Eski, işlemeli, demir kale kapısı bir karanlığa açılıyor. Aydınlatma olmadığı için teknolojinin nimeti cep telefonlarımızı fener niyetine kullanıp büyük taş merdivene ulaşıyoruz. Çocuklar her yeri ezbere bildiklerinden onlar keçi gibi önümüzden koşturuveriyorlar. Bir geçitten geçerken oğlanlar tepemize kır çiçekleri atıyorlar yukarıdan. Bundan çok keyif aldıkları yüzlerinden okunuyor. Kaleyi sevdim ama Hoşap Kale’nin çocuklarını daha çok sevdim. 🙂

Daha önce de yazmıştım. Ben gezilerimde çok bilgi içeren metinler yazmayı tercih etmiyorum. Zira ilginizi çeken şeyler olursa zaten onlarla ilgili tonlarca bilgi bulabilirsiniz internette. Ben burada daha çok duygularımı, heyecanlarımı, gezinin kendi hikayesini paylaşmayı seviyorum.

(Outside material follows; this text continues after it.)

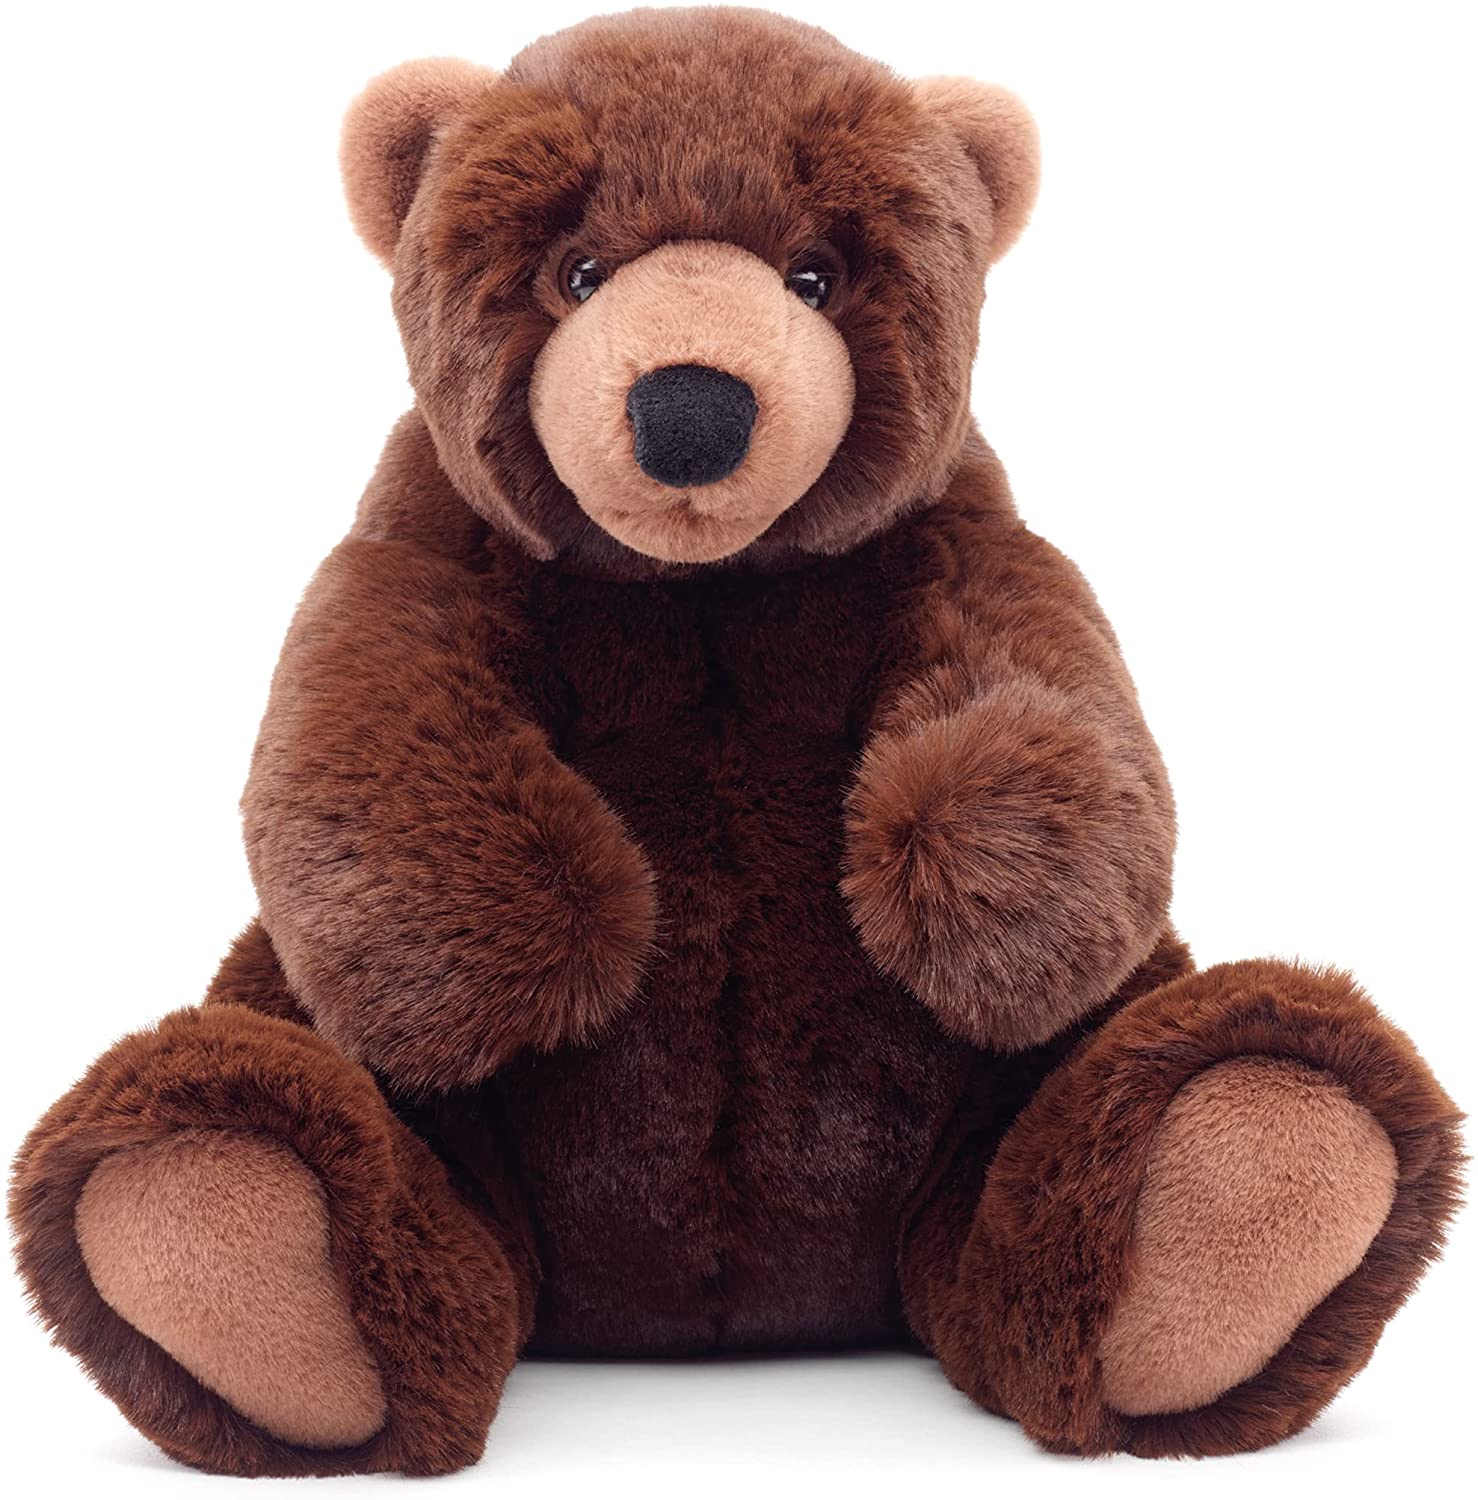 Uni-Toys - Braunbär groß, sitzend - 'Mika' - superweich - 29 cm (Höhe) - Plüsch-Bär, Teddy, Teddybär - Plüschtier, Kuscheltier

Yarın Akdamar adasına gidiyoruz . İsteyenlerle orada buluşmak dileğiyle… 😉

“Van’a yolculuk” için 11 Yorum

  1. Ali Gökmen Diyor ki:

    Sevgili Başak güzel yazılarını okuyorum. Ben de Van ve Tatvan’ı görmüştüm. Eğer fırsat bulabilirsen Tatvan da doğa harikası bir yer. Nemrut yanardağı krater gölünin bir kısmı yeşil (sıcak su) diğer yarısı ise derin mavi.
    Sevgiler,
    Ali Gökmen

  2. servet Diyor ki:

    Dağlar muhteşem gerçekten, ve bulutlar.
    Ufkun derinliği, gözleri sürekli duvarlara toslayan kent insanına ilaç.

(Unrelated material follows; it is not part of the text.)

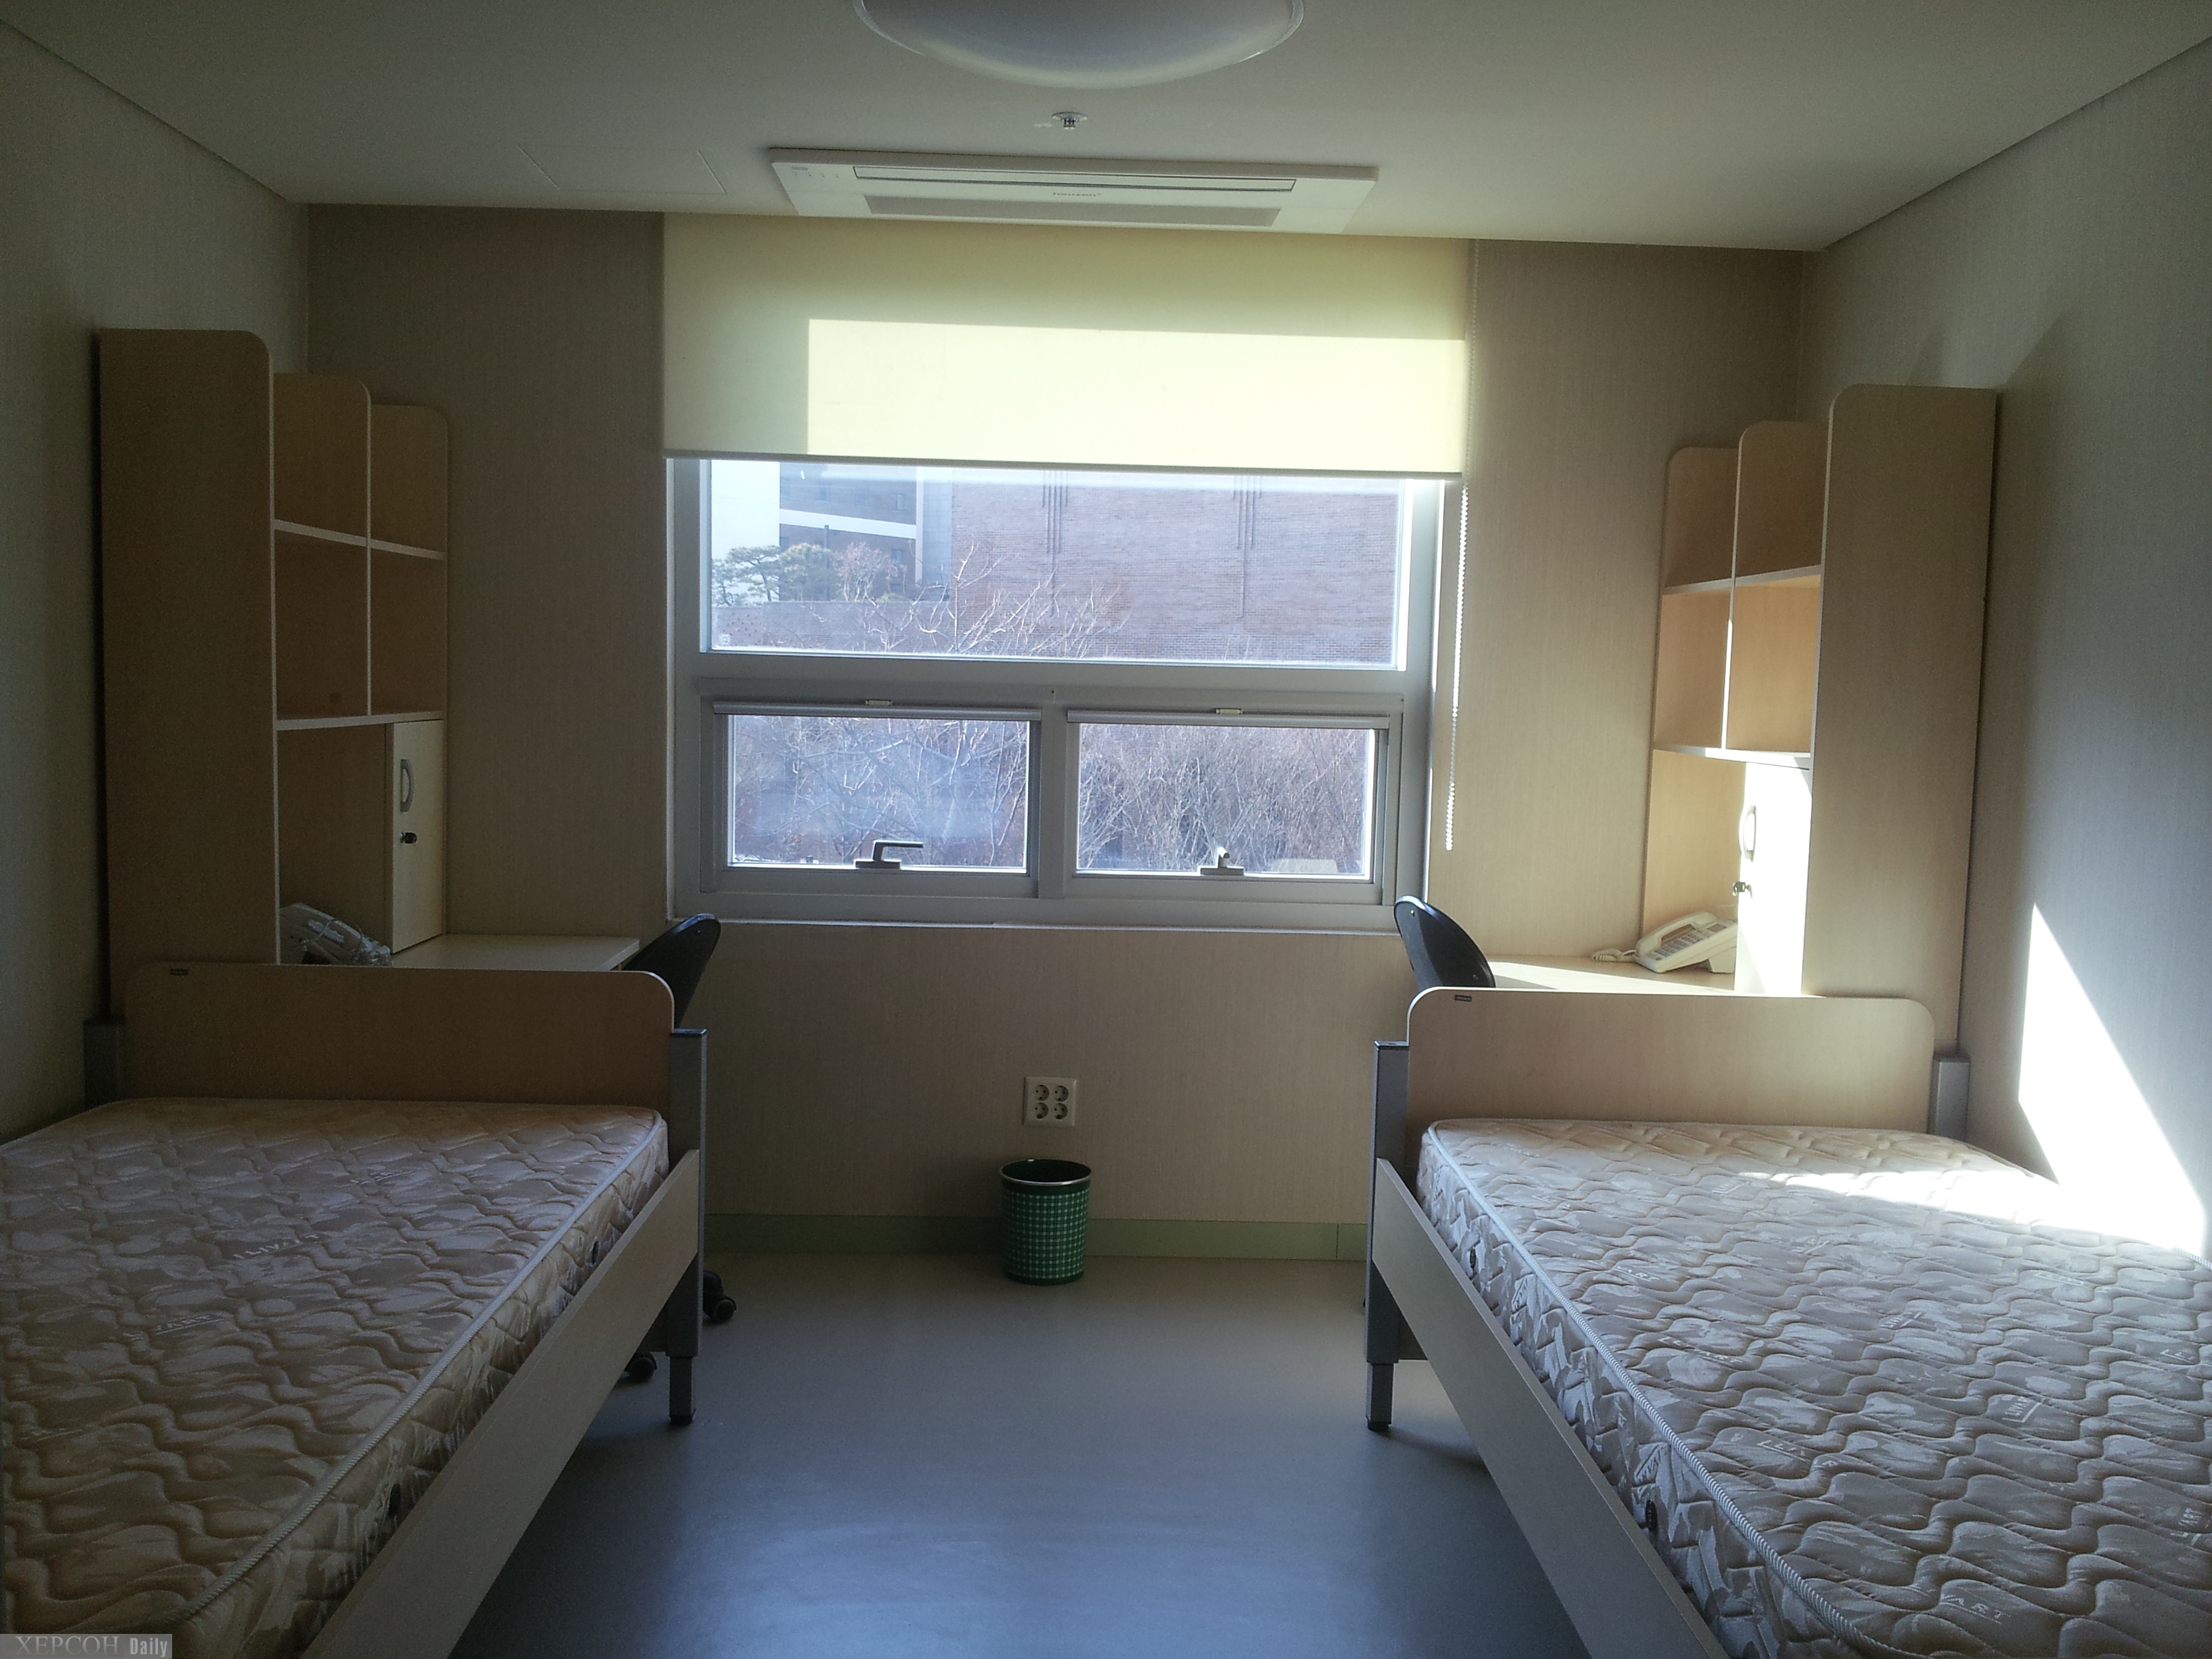 Жилая комната в общежитии. Комната в общежитии. Спальня в общежитии. Комната в студенческом общежитии. Комната в общежитии на двоих.

    Diş teknisyeni, kalender birini tanımıştım; Kutular dolusu damak ve diş vardı atölyesindeki raflarında. “..hekimin geri çevirdiği veya eski dişleri atmam ben abi. Fukara, gariban birileri gelir hep… Onlara takarız.” demişti. Acaba Vanlı mıydı?

    Akdamar’da buluşuruz.
    Sevgiyle

  3. selmin Diyor ki:

    yarın görüşürüz, benim için Ahtamara olan yerde…çok keyifli anlatım için alkışşşşş…

  4. Geçkin Gezgin Diyor ki:

    Okiirem…
    Okiirem…
    Yurum yapmiirem…
    ?

  5. Aysel Diyor ki:

    Harika fotoğraflar, harika bir anlatım. Tebrik ederim.

  6. Necla Diyor ki:

    Bulutlar ve dağlar şahane, teşekkürler yutmi:-)

  7. Sevim Dalkara Diyor ki:

    Başak sen çok yaşa emi!! (Allah allah galiba ilk kez emi? yazıyorum; çok tuhafıma gitti. Sanki e-mi? yazmak gerekiyordu diye düşündüm!! Neyse hadi hayırlısı… ne diyeyim herşey güzel olacak). Bulutlar ve dağlar harika ama senin otelinizi anlatışın daha da harika! Çok güldüm. Merakla Akdamar’ı bekliyorum. Ama orda otelde kalmayacaksınız değil mi? Yazık…

  8. Sevim Diyor ki:

    Başak bir de Geçki Gezgin’in YORUMLARIna bayılıyorum!!

  9. Erhan Uzunhasanoğlu Diyor ki:

    Sevgili Başak ,ne kadar güzel ve espirili anlatmışsın gezimizi bayıldım,sayende tekrar canlandı gözümde o günler ,ayrıca benim göremediğim ne çok ayrıntı yakalamışsın tebrikler.

  10. mehtap yıldız Diyor ki:

    Başakcığım orada gülemeyeceğim kadar çok güldürdün beni :-))))

    Benim de ilk kez denediğim bir oteldi ama otel müdürünü önceden tanımam referanstı ve gerçekten de çalışanlar kendimizi evimizde hissettirecek kadar içten ve iyiydiler. Hizmet de iyiydi. Sanırım insani artıları gözüme perde yapıp binanın dekoratif absürdlüğüne takılmamaya çalıştım. :-)))

    Her zamanki gibi sıkı gözlem, iyi fotoğraflar; ve işte Başak…
    Öpüyor ve devamını bekliyorum.

  11. İbrahim şepitci Diyor ki:

    Merhaba Başak, güzel ve ilginç bir şehir Van, gitmen güzel olmuş. Van merkezde urartu otelin dekorasyonunu yapmıştık, vesilesi ile tanıştım orayla. Keyifli gezmeler dilerim.